Yes. Radiation and radioactivity have negative connotations for many people. Effective training and adherence to the regulations has resulted in no known deaths or serious injuries to transportation workers, emergency services personnel, or the general public. It is important that this track record be maintained to promote confidence and a feeling of safety among the populace.
What is the most important lesson in this discussion?
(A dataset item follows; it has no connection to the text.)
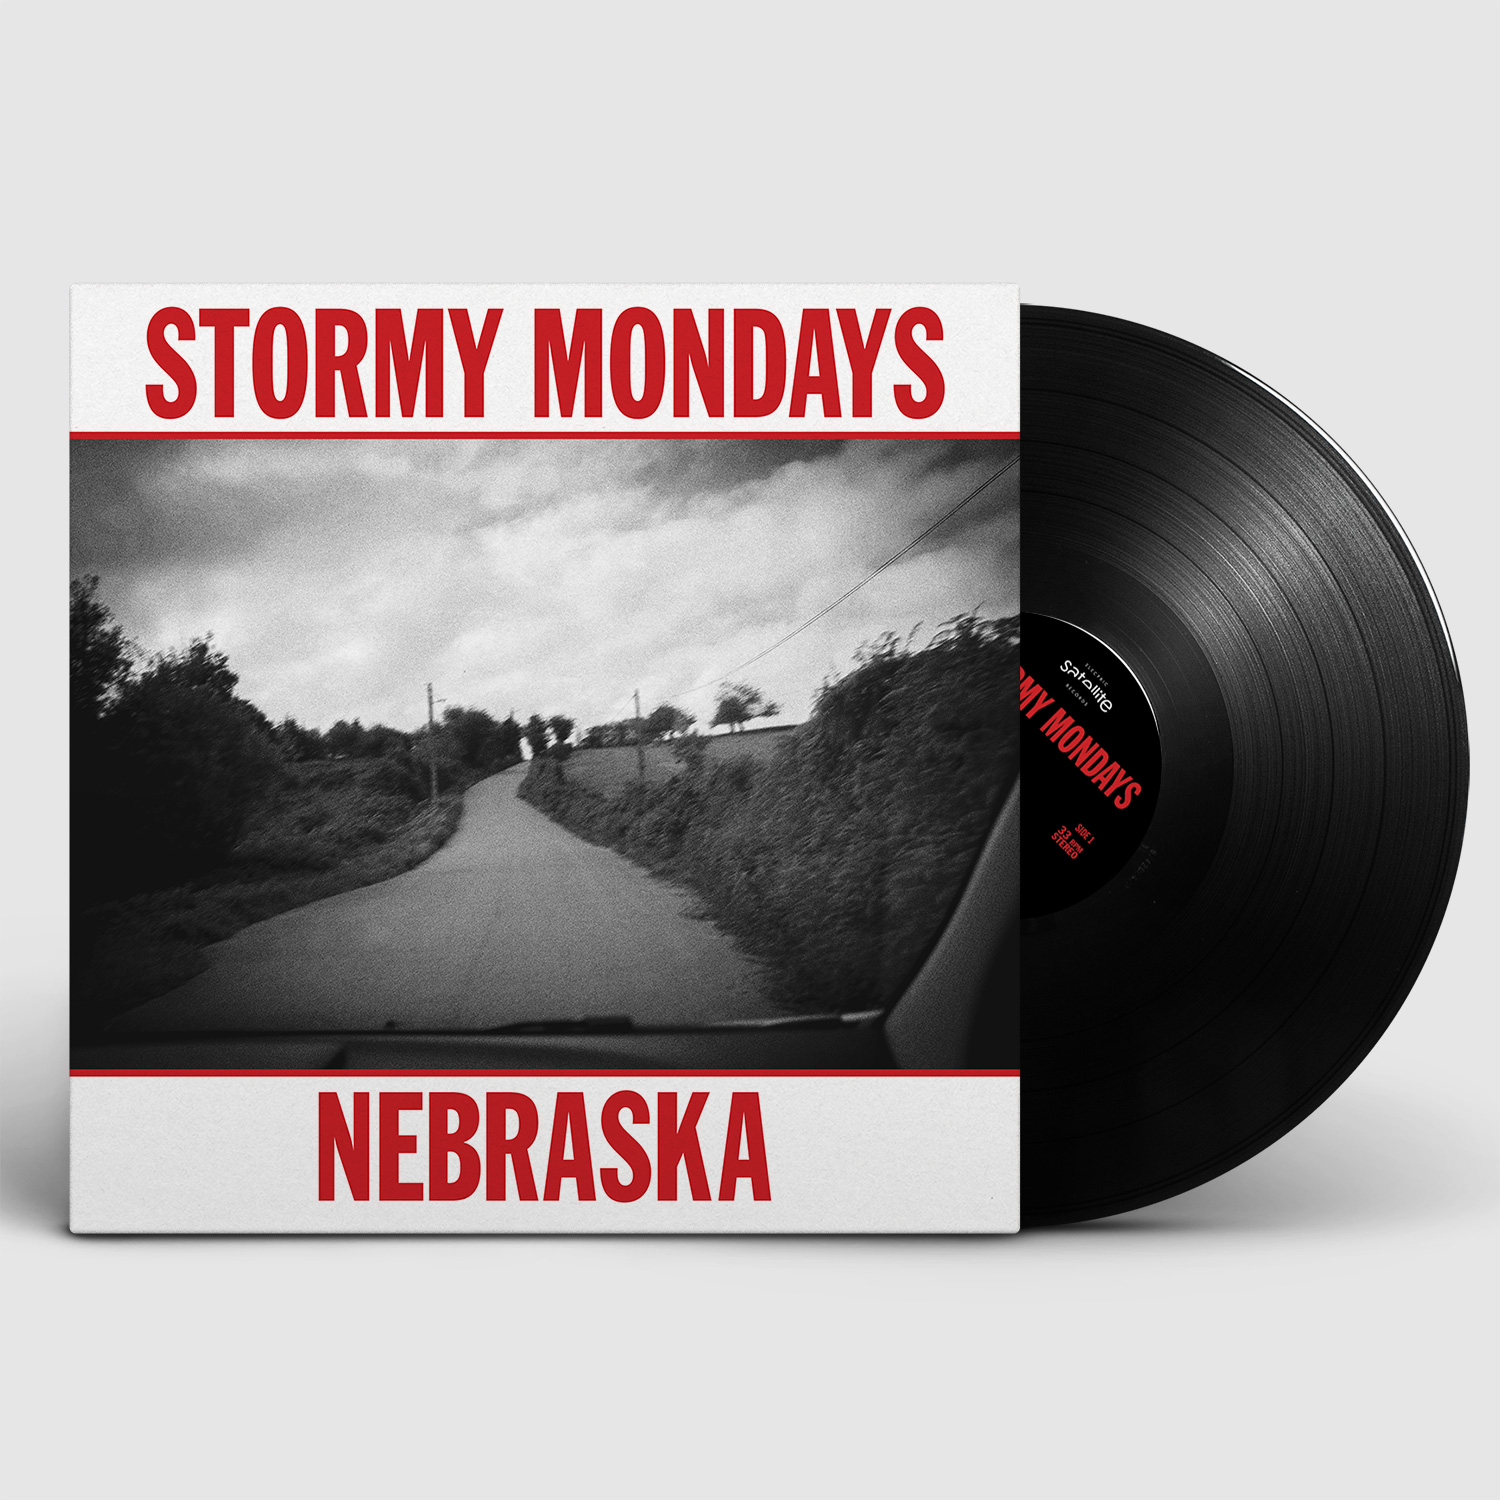 Nebraska (vinilo) - Stormy Mondays

Actually, there is more than one. Radioactive material is transported on a daily basis in the United States by rail, truck, water, and air. Safe transport of these materials is based primarily on the use of proper packaging. While there are risks associated with the transportation of RAM, namely the risks from a vehicle accident and the associated radiological ramifications, these risks have been demonstrated historically to be quite low. When they occur, emergency response plans exist and are implemented by trained personnel to respond appropriately and in a timely fashion. However . . .
Yes??
Adhering to the shipping regulations can be easier said than done. While we presented some general terminology and some examples in this discussion, it is important that experienced and trained individuals who know and understand all of the twists and turns of the regulations be involved in the packaging and transport of your radioactivity or radiation source. History has shown, over and over again, that a tentative or flippant attitude to shipping always comes back to haunt the shipper. And by the way, the “I didn’t know what you meant” excuse gets you nowhere . . . fast.